When Emma Gannon shared her decision to be childfree by choice she was met with you’ll change your mind one day, as if her conscious decision was seperate from the direction nature would take her in.

Unable to recognise herself in the protagonists on her shelf, she brought four characters to life in Olive that will resonate with women the world over. Four friends’ close knit bond starts to fray in the face of the choice all women are confronted by; whether or not they can and want to have children.

Olive captures the shifting dynamics of female friendship when there is pregnancy, children, and the trauma of infertility in the circle; topics that could have been narrated with a tone matching the contention of them.
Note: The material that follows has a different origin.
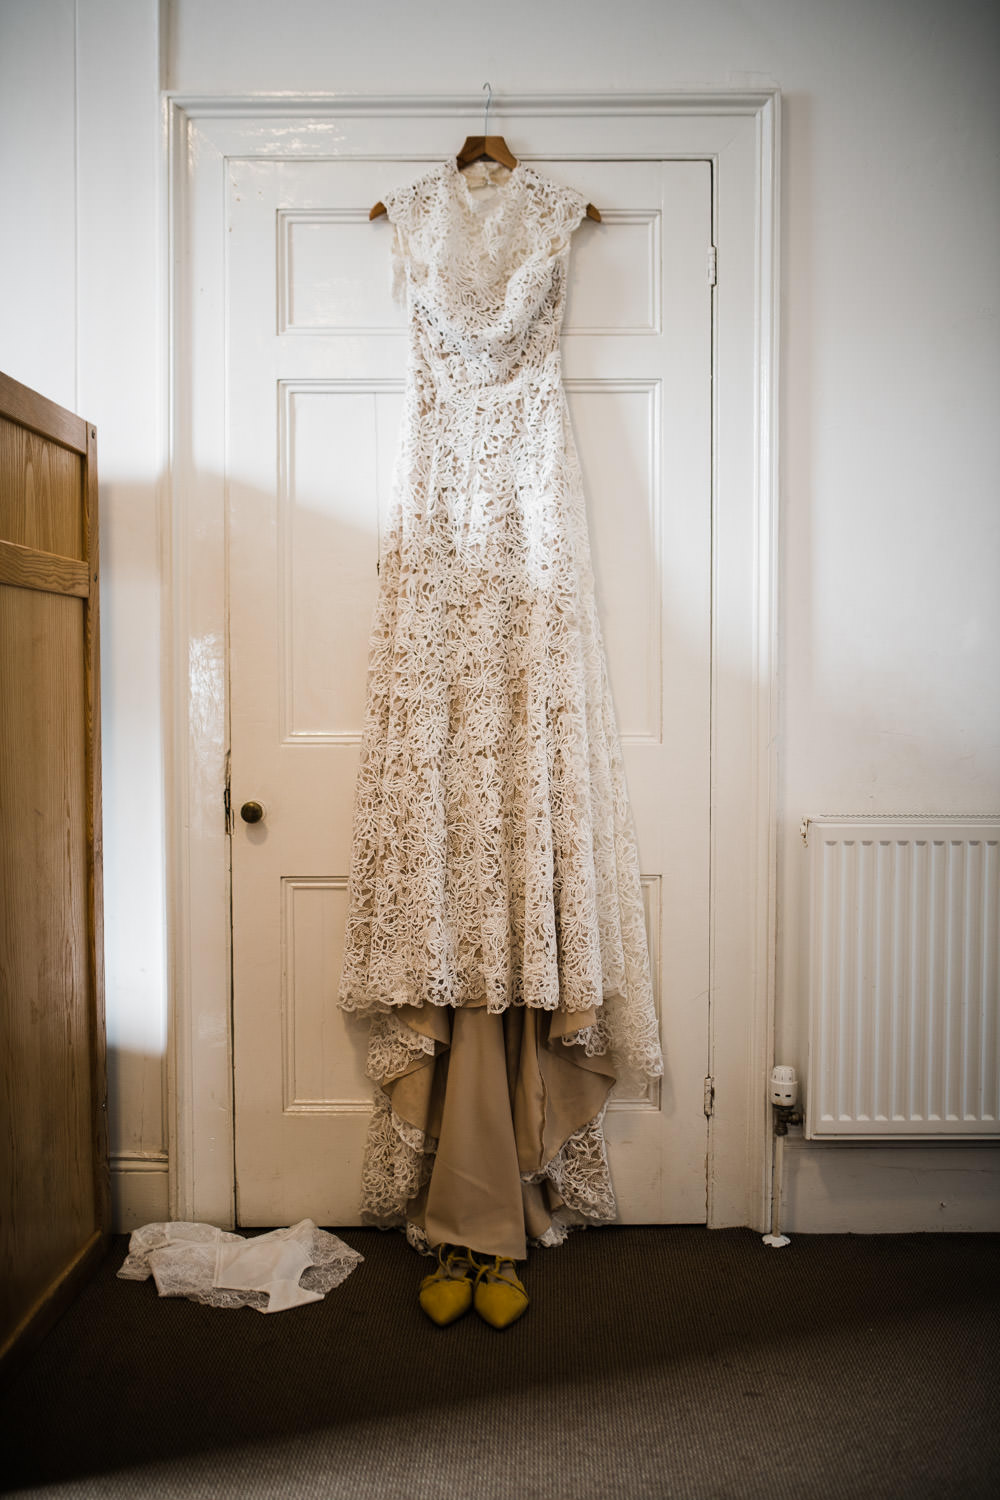 vintage wedding dress hanging on a door frame

Instead, Olive is moreish, comforting and warm with the simplicity of it mirroring and silencing the unencessity of society’s noise around women and motherhood.

(HarperCollins, pb, $33)

2. Outraged, by Ashley ‘Dotty’ Charles

Hailed as ‘the essential guide to living through the age of outrage’, Ashley ‘Dotty’ Charles, rapper and BBC 1Xtra presenter, explores how our age of outrage is debasing civil discourse as we cancel rather than discuss, shout rather than talk, and replace activism with clicktivism. This is a devilish, daring and perfectly succinct read.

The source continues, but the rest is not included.